Digitized key-word searches rely on Optical Character Recognition (often abbreviated OCR). While OCR is a powerful tool that allows historians to sort through large volumes of data, it is also an imperfect tool.
If you are searching for an exact phrase, put the term in quotes. Be aware that historical newspapers often have a somewhat cavalier attitude towards names; multiple spellings and misspellings of names are normal. If a word or name has multiple known spellings, put both spellings in quotes separated with “or.”
While searching in the Brooklyn Digitized Newspaper archive for just “Camilla Urso” returned 131 results, adding the alternate spelling “Camille Urso” returned an additional 20 results. Also try searching for word truncations such as “Camil* Urso.”
Newspaper search algorithms work best with broad but specific results. In the example above, while I have specified an exact name in quotes, I have also made my search broad enough to encompass multiple spellings and misspellings.
How do you know if you have found a good set of keywords?
Good keywords are:
-Mappable (involve a geographical element)
-Significant amount of results (at least 200-500 results for a small project)

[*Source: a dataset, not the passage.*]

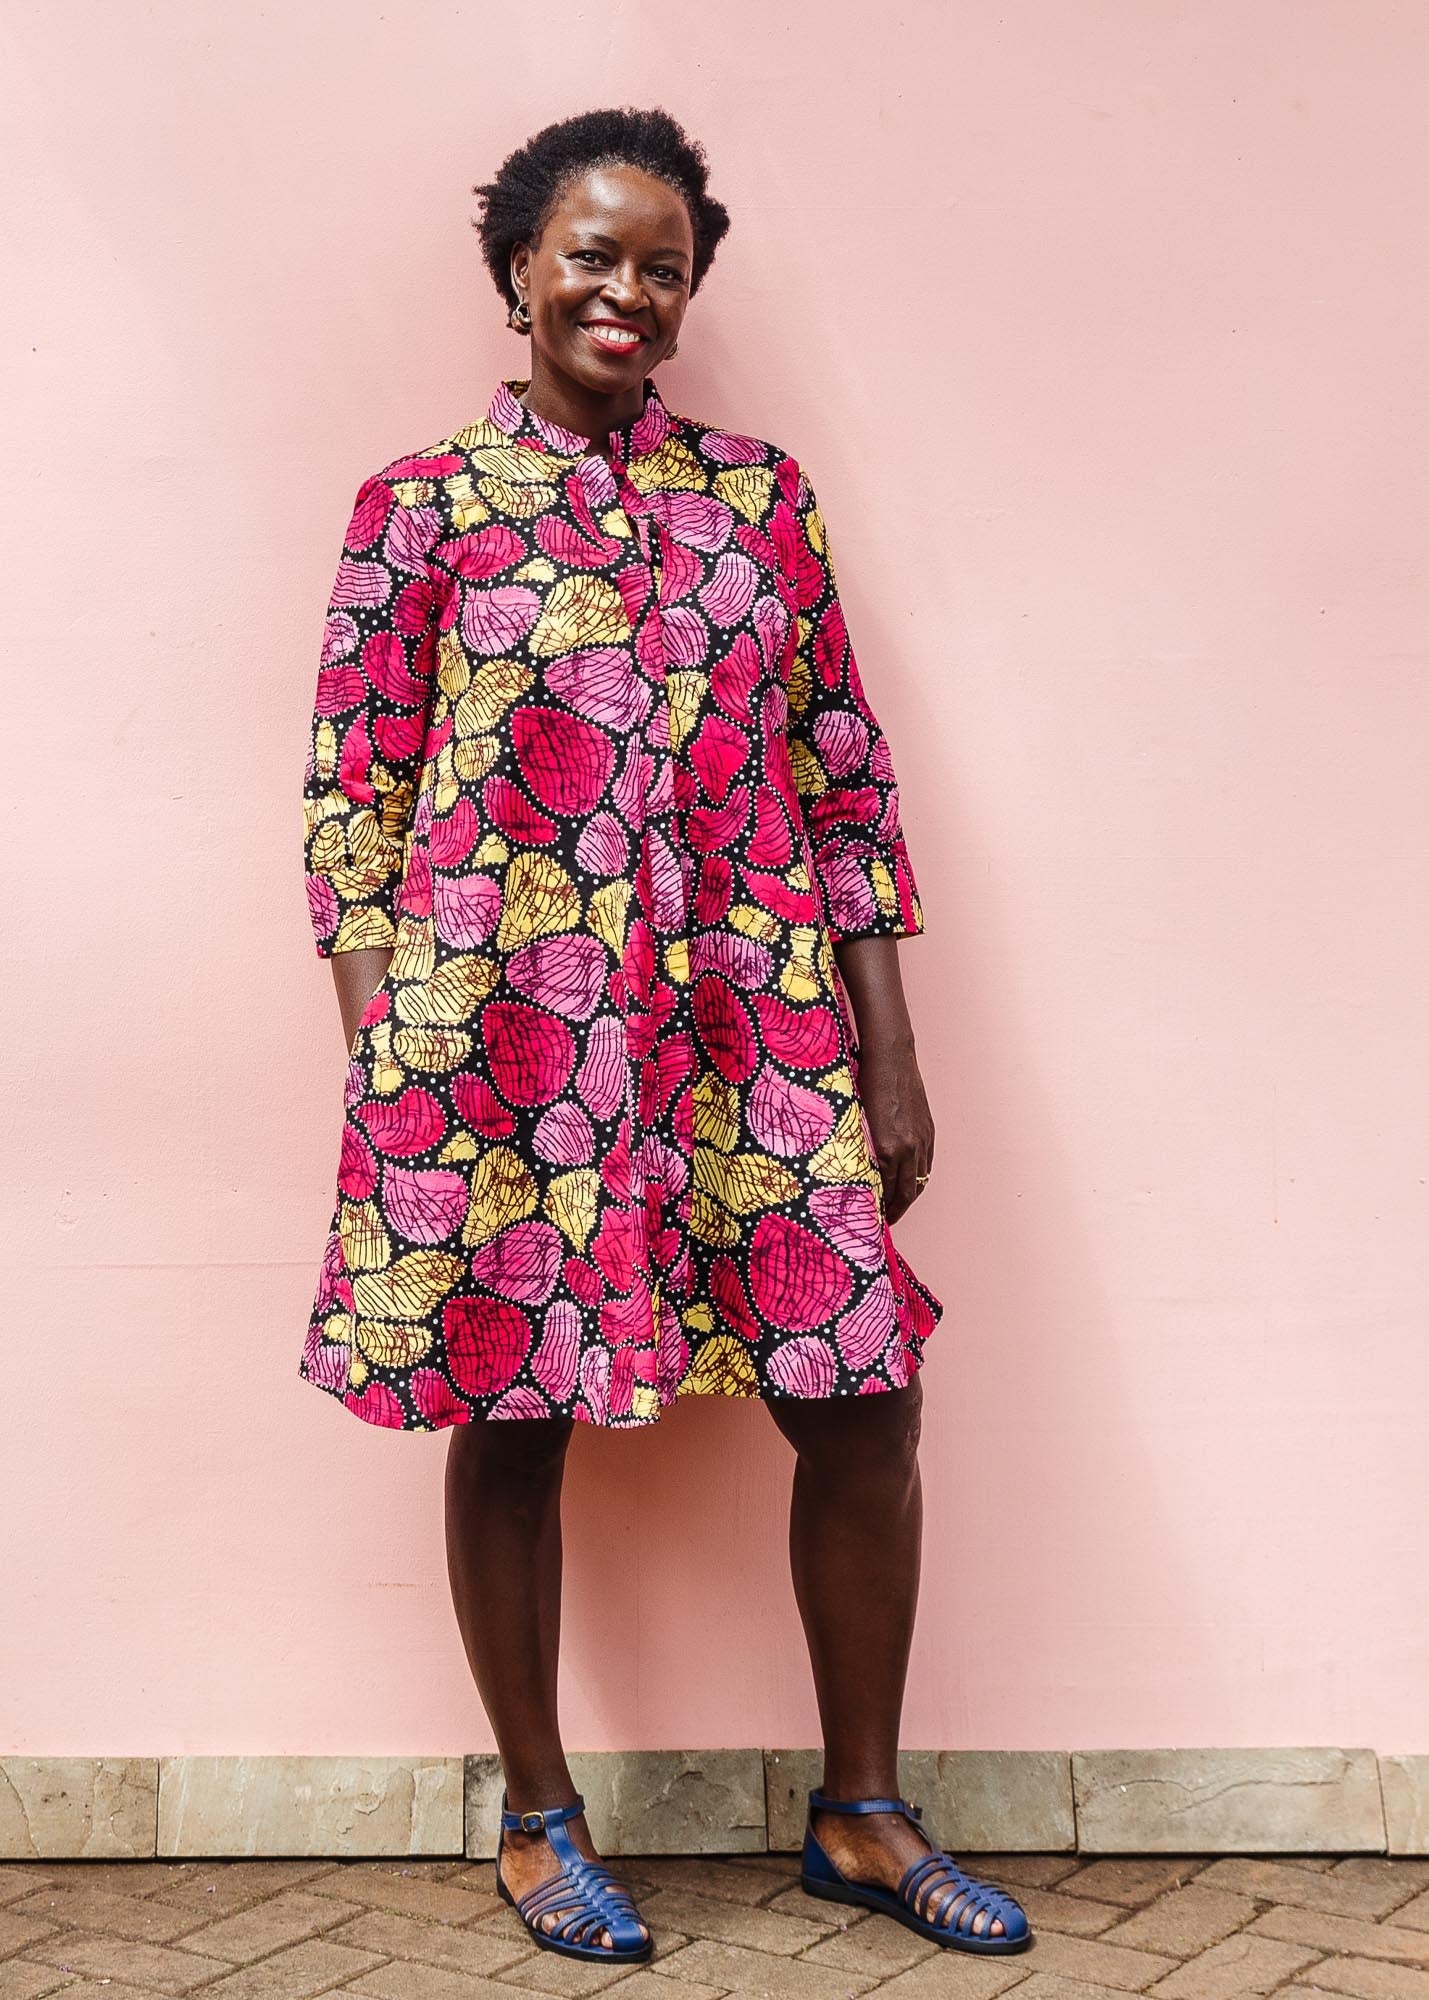 The model is wearing black, white, yellow, brown, pink, hot pink and purple bubble print dress

-Fill a gap in existing scholarship
-What do I want to know more about?
Stage II: Topic Based Reading & Stage III: Data Collection
One you have a good set of keywords, you are ready to move onto more systematic newspaper reading, either topic based reading, data collection, or both.
Topic based reading is reading systematically in order to learn more about a specific topic, and discover primary source quotations. Data collection involves reading large amounts of newspapers in a organized way in order to collect data on a specific topic (usually for mapping purposes). Depending on your research question, you may need to do both topic based reading and data collection. If you plan to make a map, then data collection is required. If you plan to use newspaper quotes in a research paper or other medium, than topic based reading is more appropriate for you.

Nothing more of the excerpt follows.